Мы проходим в мою комнату. Отец усаживается на диван и внимательно рассматривает обивку.
– Нас беспокоит твое будущее, Эрнст.
Я снимаю с книжной полки ящик сигар и предлагаю ему закурить. Лицо у него несколько проясняется: сигары хорошей марки, мне дал их Карл, а Карл букового листа не курит.

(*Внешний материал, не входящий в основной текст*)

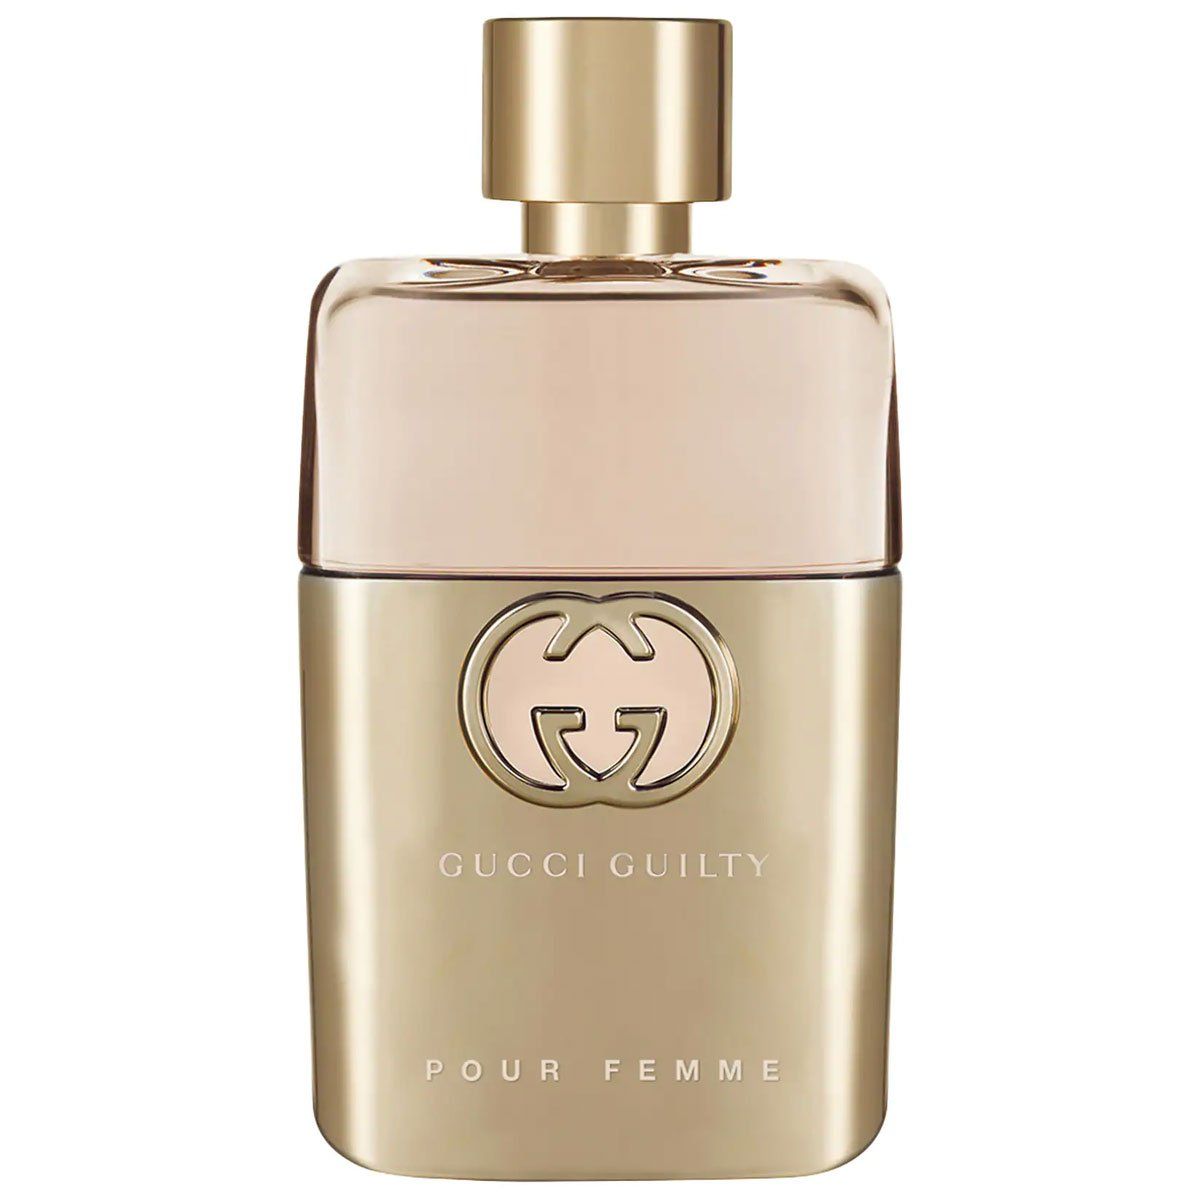 Nước hoa Gucci Guilty Pour Femme (90ml / Eau de Parfum) chính hãng Gucci  cao cấp dành cho nữ - FIT - FIT - Đặc quyền ưu đãi
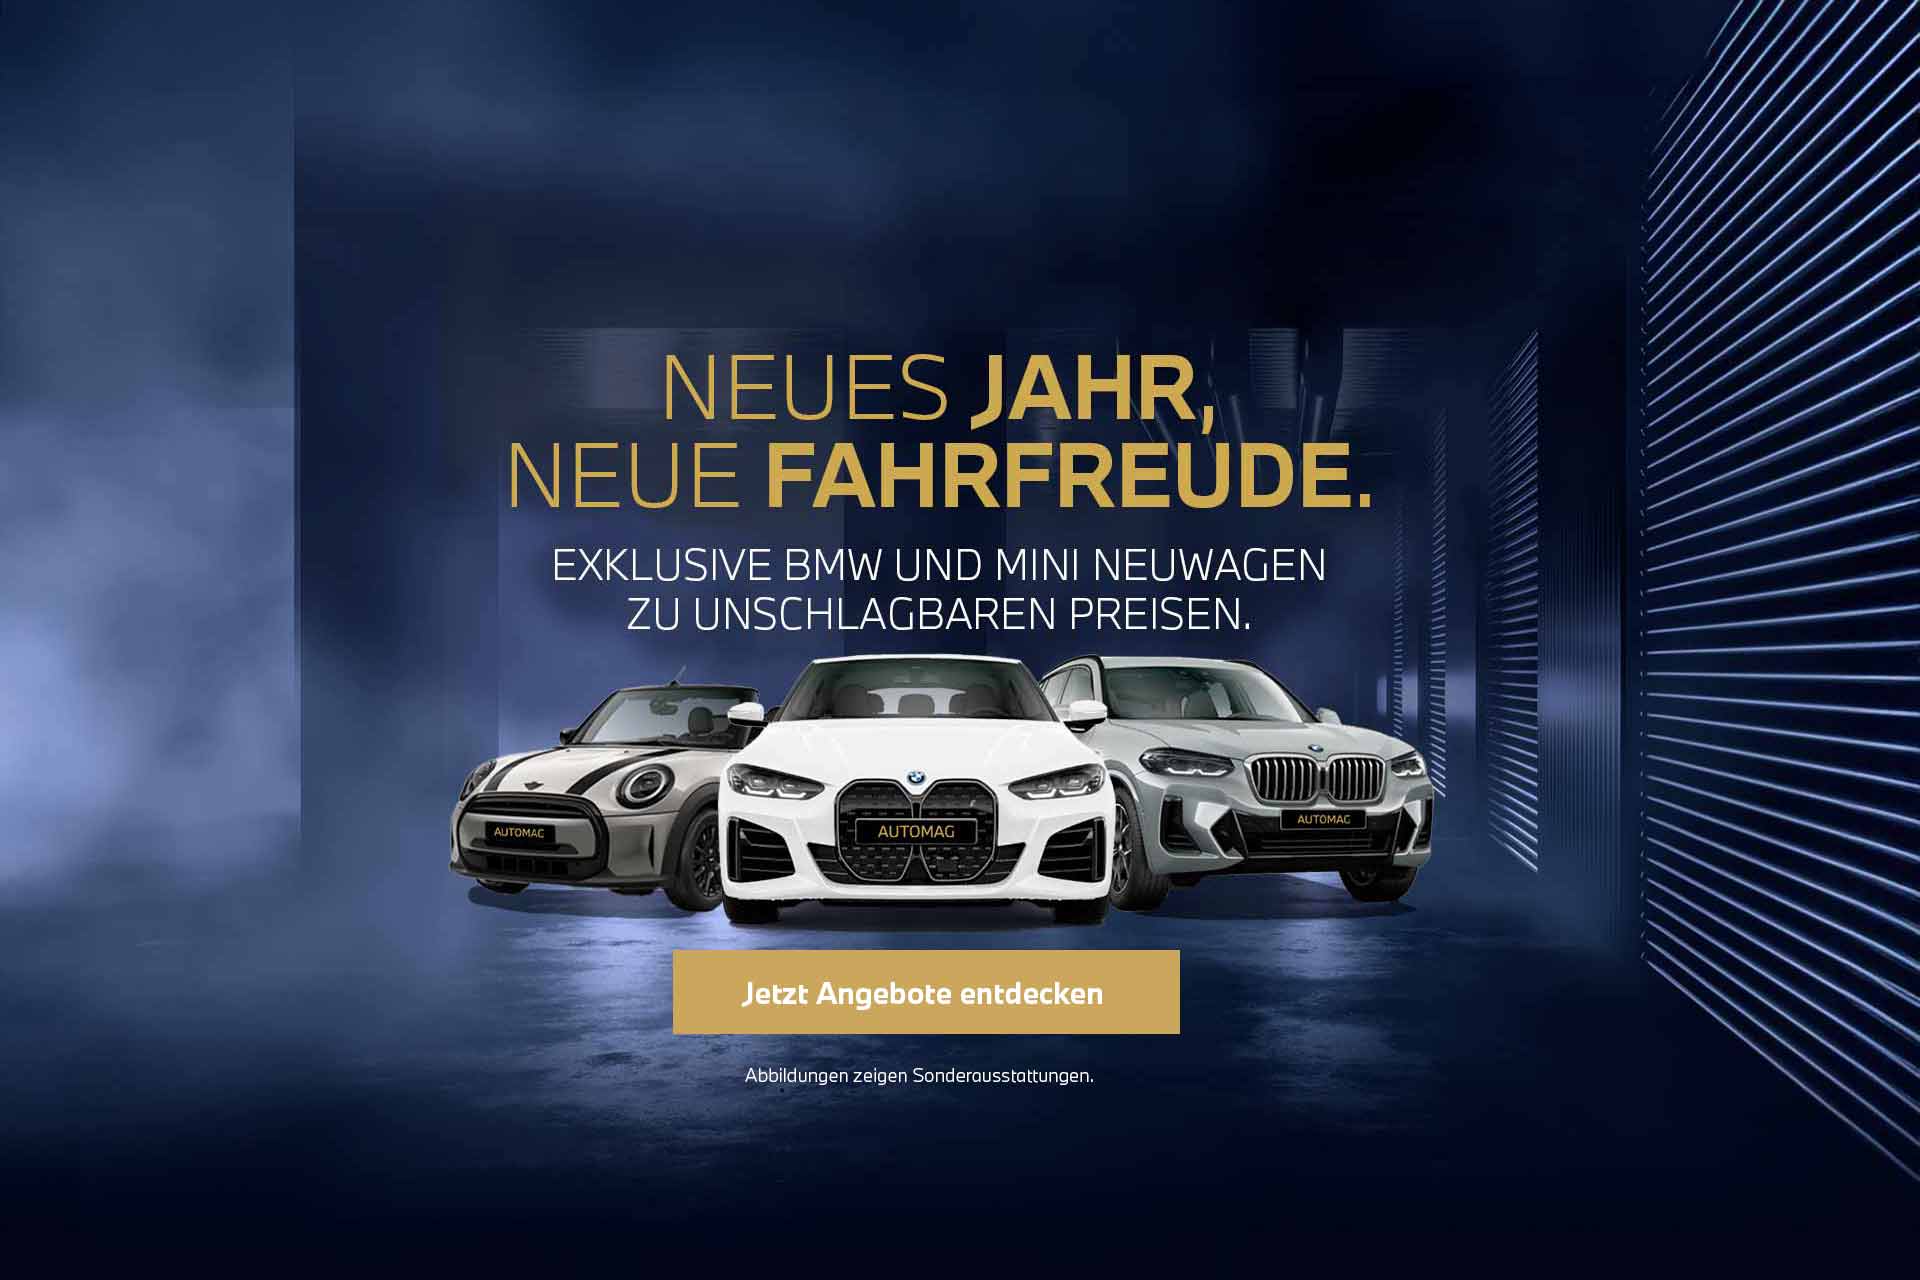 BMW Niederlassung Stuttgart - Ihr Partner beim Autokauf

– Ты действительно отказался от места учителя? – спрашивает отец.
Я киваю.
– Почему же ты это сделал?
Я пожимаю плечами. Как объяснить ему? Мы с ним совершенно разные люди, и у нас только потому сохранились хорошие отношения, что вообще никаких отношений не было.
– Что же будет дальше? – продолжает он допытываться.
– Что-нибудь да будет, – говорю я, – ведь это так безразлично.
Он испуганно смотрит на меня и начинает говорить о хорошей, достойной профессии, о продвижении вперед на избранном поприще, о месте в жизни. Я слушаю его с чувством умиления и скуки и думаю: как странно, что этот человек – мой отец, который некогда распоряжался моей жизнью. Но защитить меня от ужасов войны он не мог, он даже не мог помочь мне в казарме, где любой унтер был сильнее его. Мне пришлось самому все преодолевать, и было совершенно безразлично, есть у меня отец или нет.
Отец кончил. Я наливаю ему рюмку коньяку.
– Видишь ли, отец, – говорю я, садясь рядом с ним на диван, – ты, может быть, и прав. Но я научился жить в пещере, вырытой под землей, и довольствоваться коркой хлеба с пустой похлебкой. Мне нужно было только, чтобы не стреляли, и я уже был доволен. Какой-нибудь полуразвалившийся барак казался мне дворцом, а мешок, набитый соломой, – райским ложем. Пойми! Одно то, что я жив и вокруг нет стрельбы, меня пока что вполне удовлетворяет. На скромный кусок хлеба я как-нибудь заработаю, а для всего остального – целая жизнь впереди.